TASK —
Please reproduce the listing in its entirety, exactly as written, but without images.

COLLECTED DATA —
****************************************
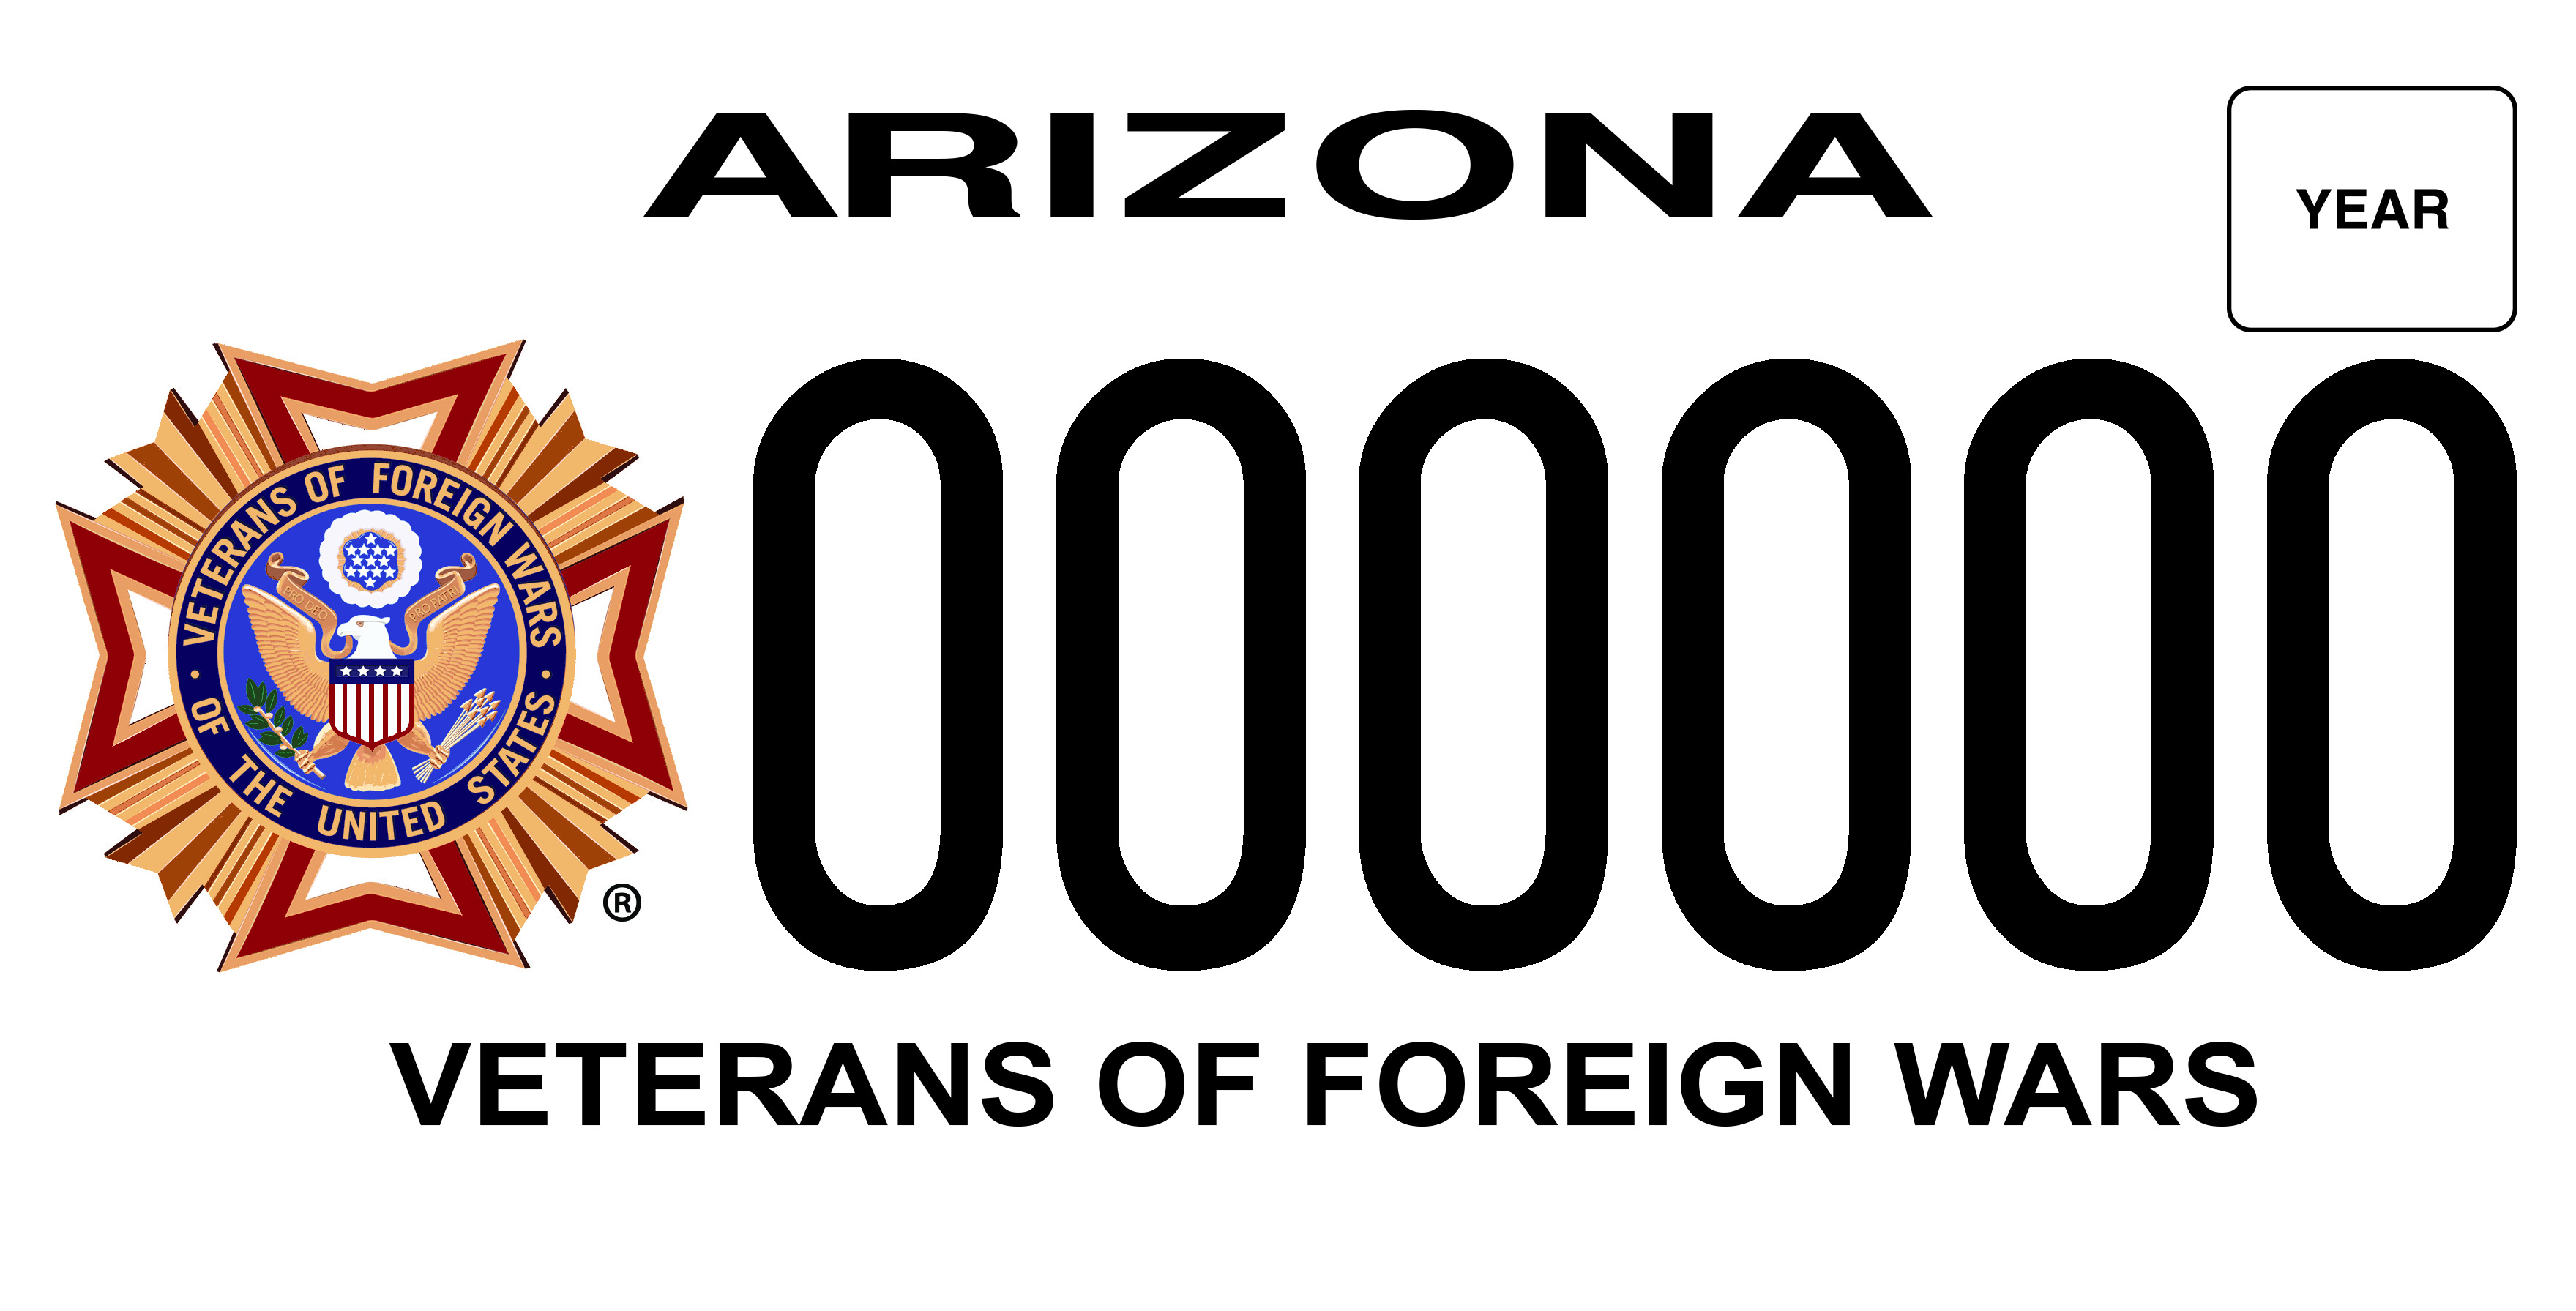 Veteran of Foreign Wars license plate
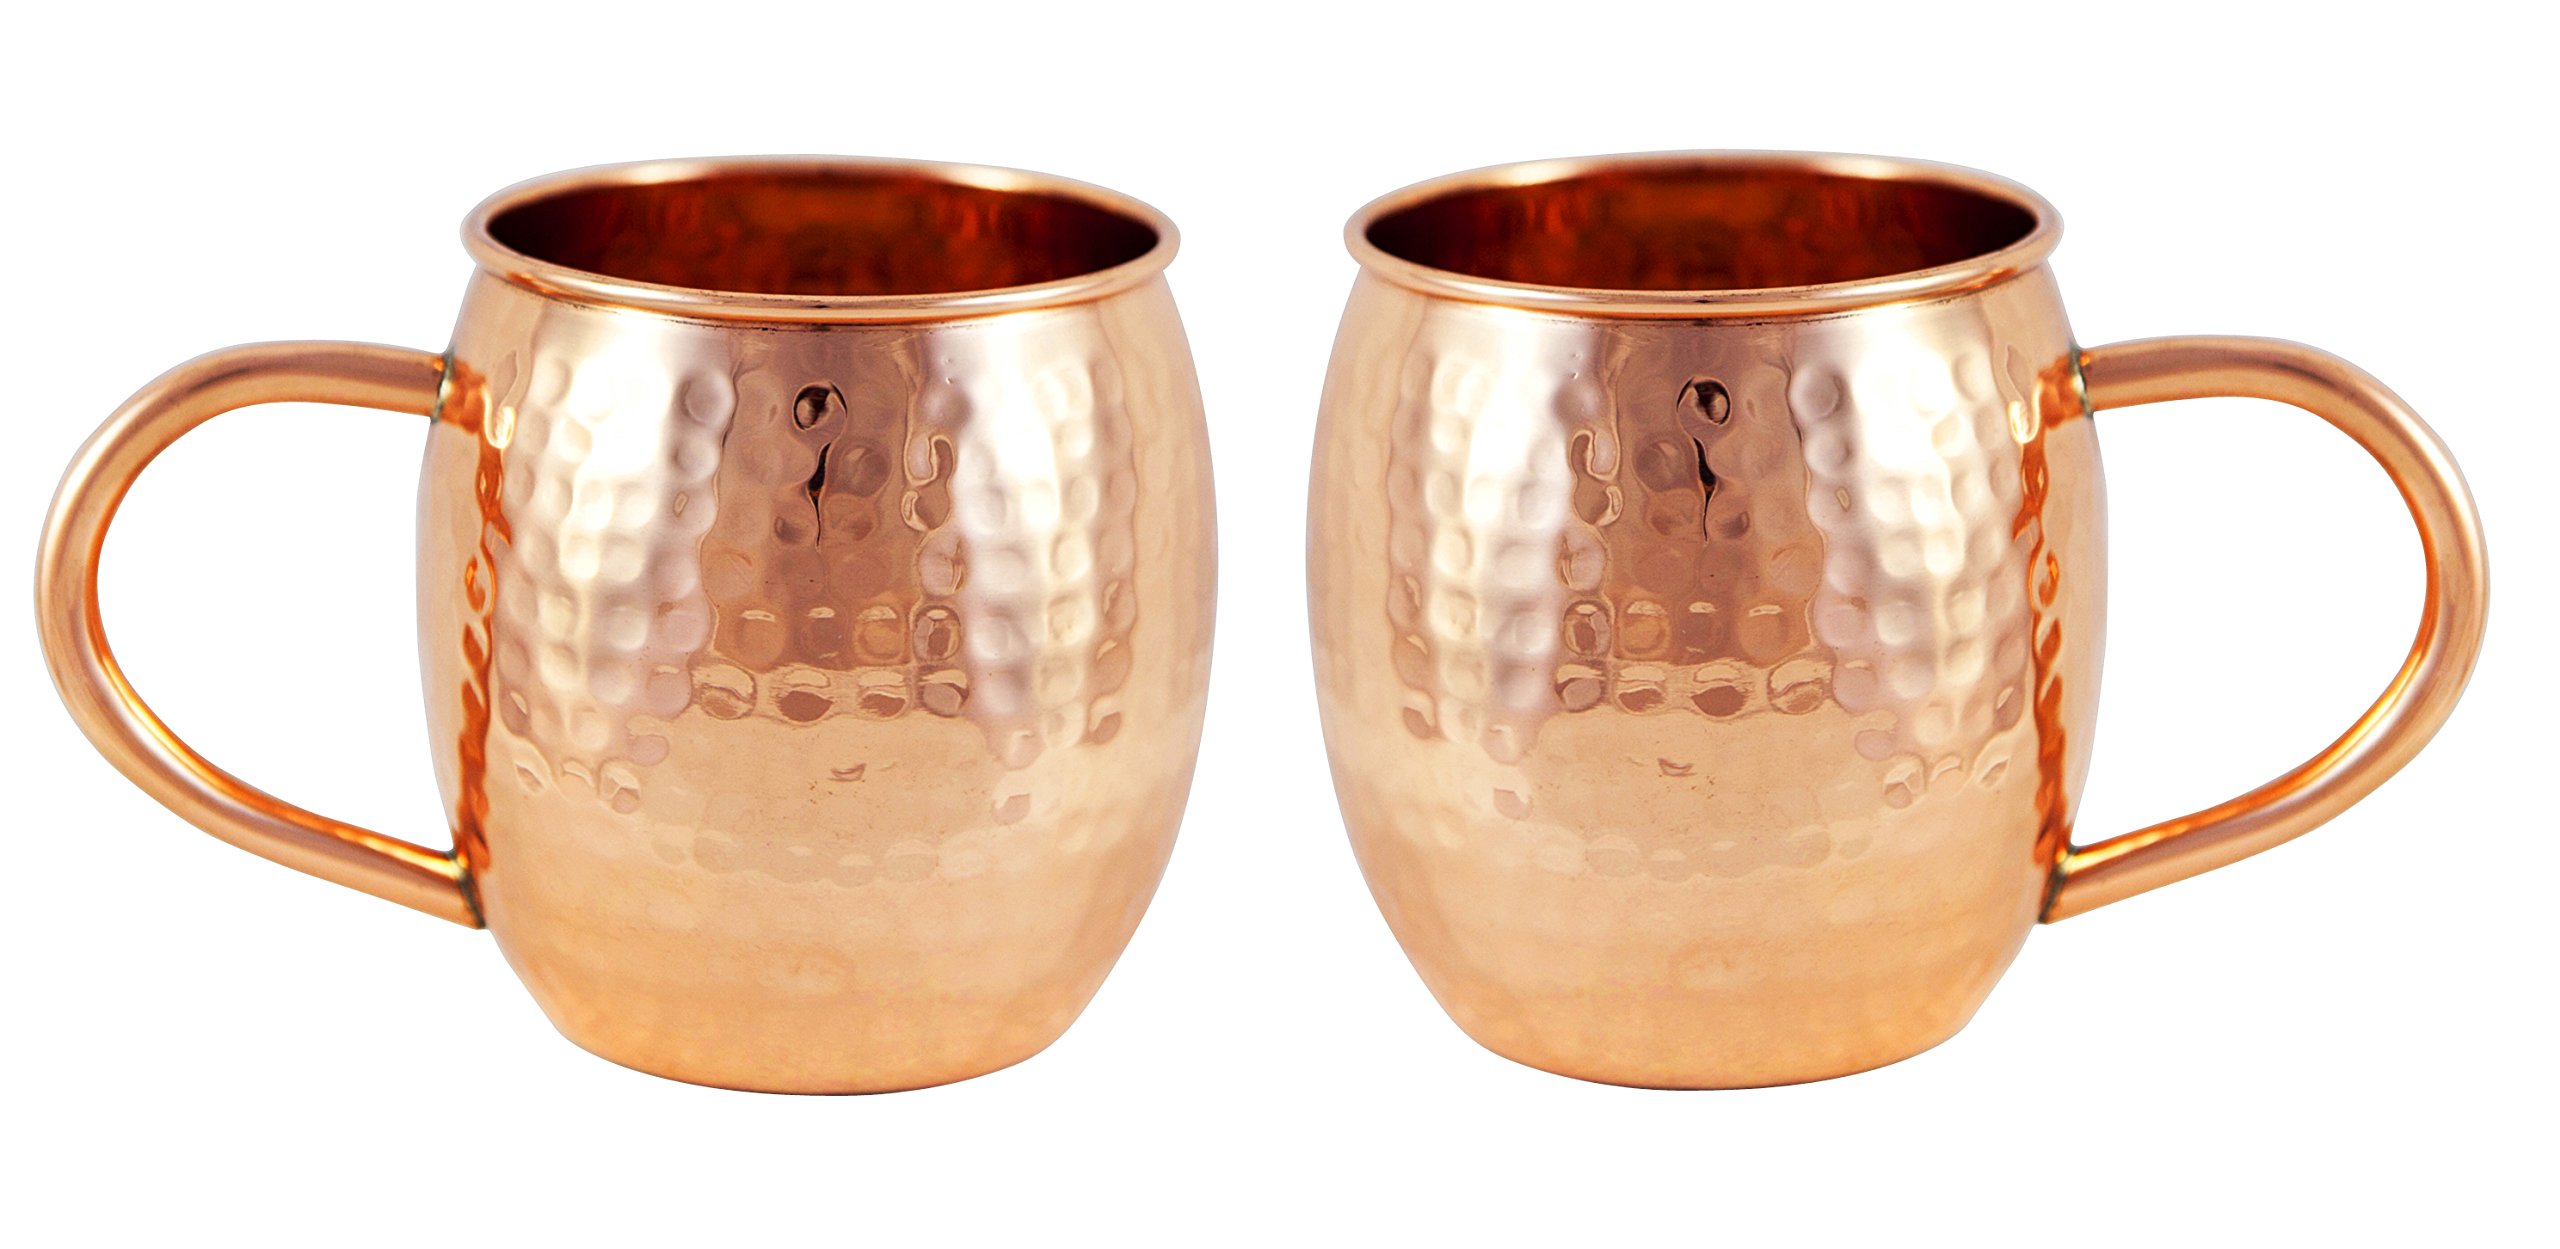 Alchemade Copper Barrel Mug for Moscow Mules - 16 oz - 100% Pure Hammered Copper - Heavy Gauge - No lining - includes FREE E-Recipe book
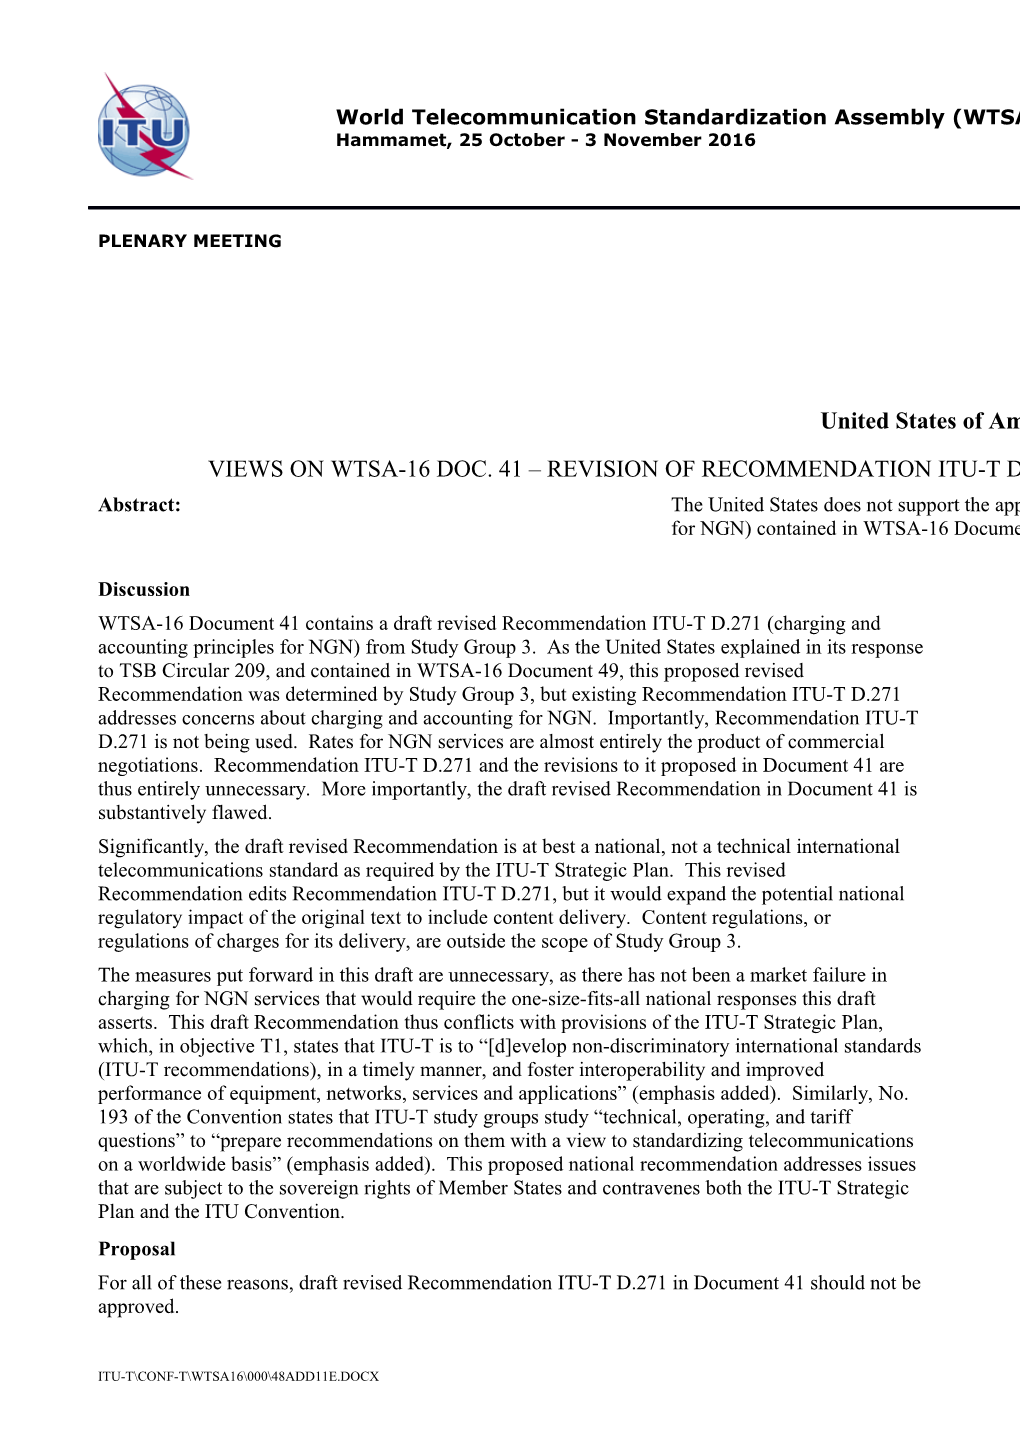 WTSA-16 Document 41 Contains a Draft Revised Recommendation ITU-T D.271 (Charging and Accounting
****************************************
REPLY TO THE EXERCISE —
 Veteran of Foreign Wars license plate
 Alchemade Copper Barrel Mug for Moscow Mules - 16 oz - 100% Pure Hammered Copper - Heavy Gauge - No lining - includes FREE E-Recipe book
 WTSA-16 Document 41 Contains a Draft Revised Recommendation ITU-T D.271 (Charging and Accounting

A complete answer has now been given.